The problem was that our arrival time at Raine Island (the entrance into the GBR) was going to be around 2 or 3am. We'd tried slowing our approach so that we'd arrive later in the morning but the vigorous winds over the previous week had stirred up some pretty large seas and we needed a lot of power from the sails just to stay on course and remain in control. Plus the prospect of getting tucked-in behind a reef, anchor down, and having as much sleep as we wanted was just too good to delay! So we all agreed that we'd deal with the pass in the darkness.
This meant that we wouldn't get to see any of the comforting signs that we were in fact arriving at the hoped-for pass, and not just rushing headlong into an anonymous wall of coral reef. The big giveaway was supposed to be the tower on Raine Island (built in 1864 to help ships locate the pass) which, in the daylight, would have been obvious. But in the darkness, the best we could do was search for it on the radar. Sadly, in 1864, radar reflectiveness wasn't a high priority for even the most forward-thinking of architects. An intermittent blip in approximately the right spot on the radar-screen, together with crossed-fingers, gave us the confidence we needed to head in...
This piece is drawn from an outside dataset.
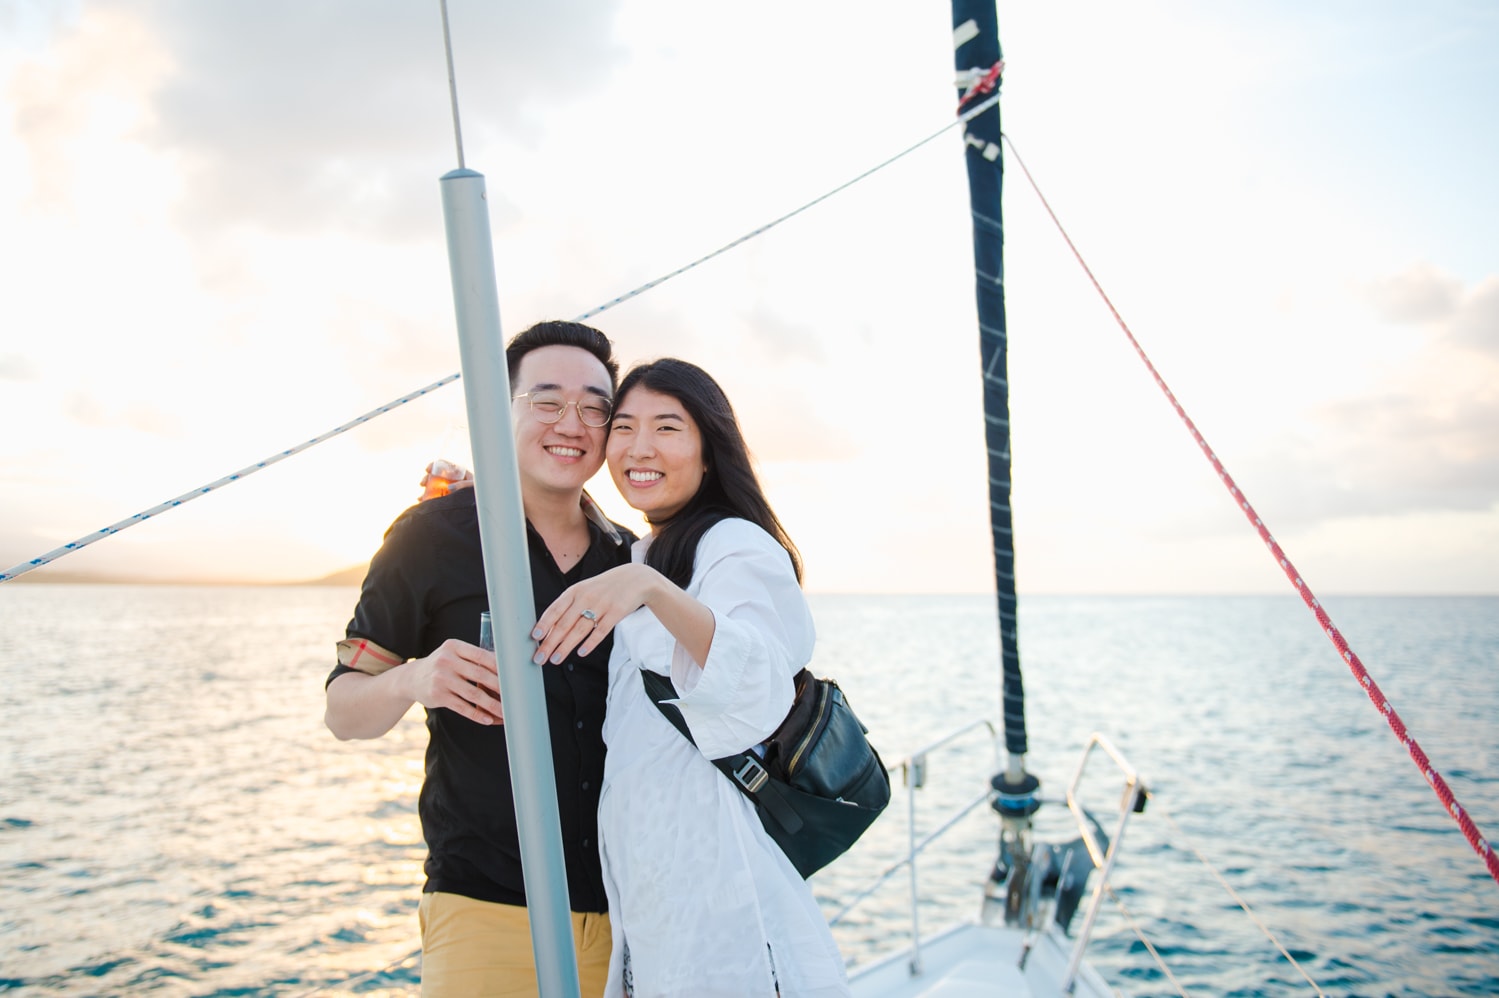 marriage proposal photos at a sailboat tour to Icacos Island by Puerto Rico wedding photographer Camille Fontz
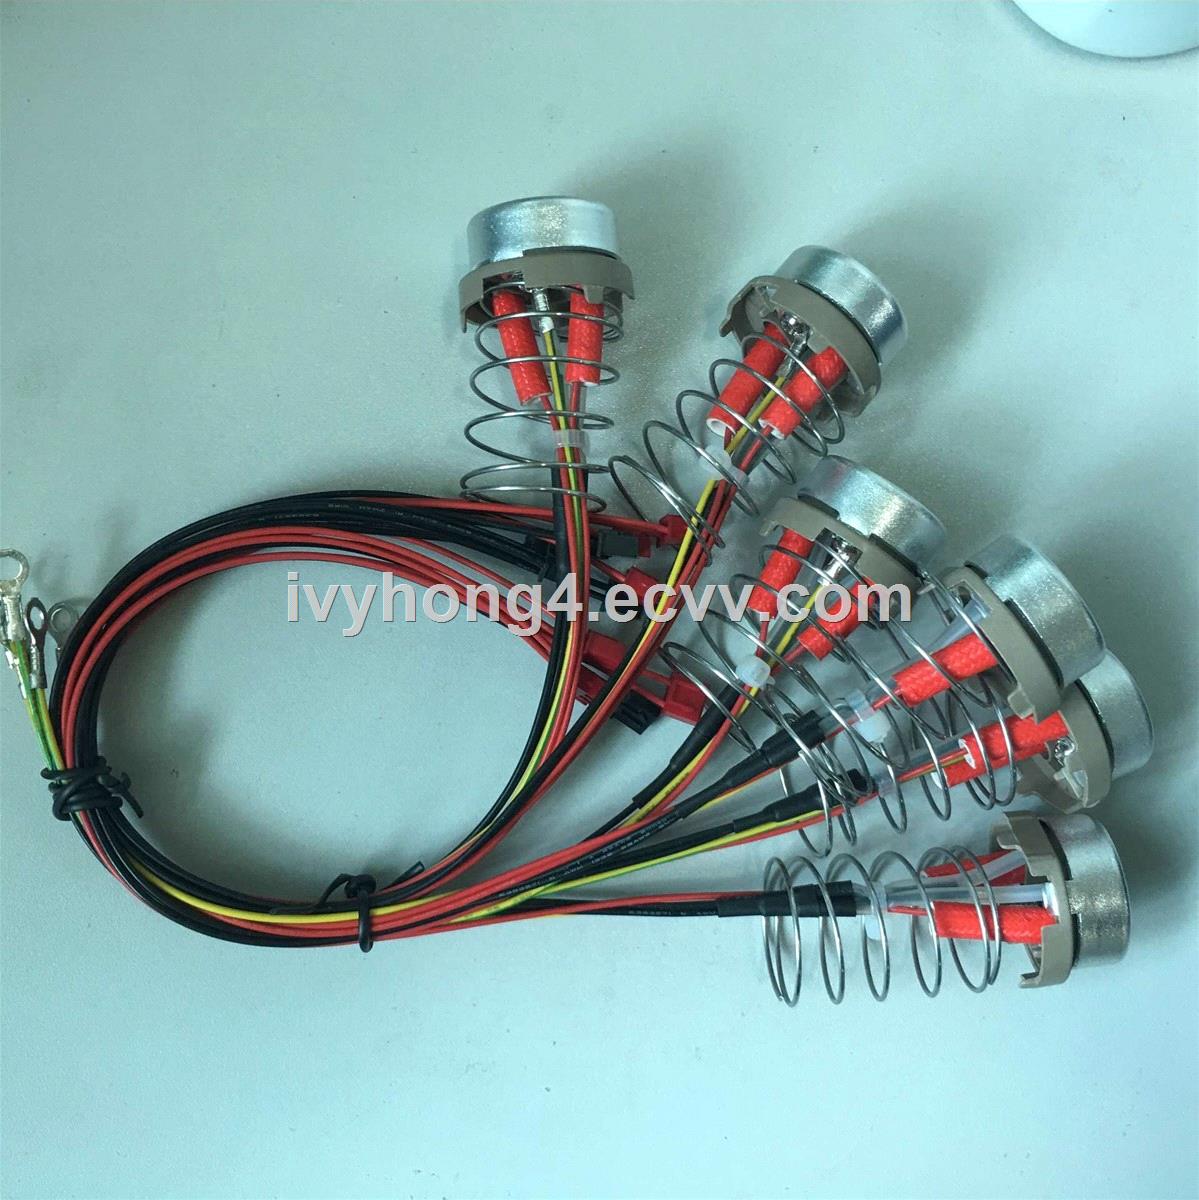 Electric Cooker used NTC thermistor Temperature Sensor Listed company Stock Code 002759

With everyone on deck watching for hazards, we made it through the outer reef without incident and turned-up into wind, dropped our sails and began to motor the 5 miles up-wind to our anticipated anchorage. With the ocean waves now being blocked by the barrier reef, suddenly the boat was no-longer rocking and rolling. It was like exiting from a 5 day roller-coaster ride. Absolutely wonderful! Unfortunately we also discovered what 30 knots of wind feels like when you're facing directly into it, rather than heading away from it. Even with the engine at full power we weren't moving anywhere. Absolutely not-wonderful!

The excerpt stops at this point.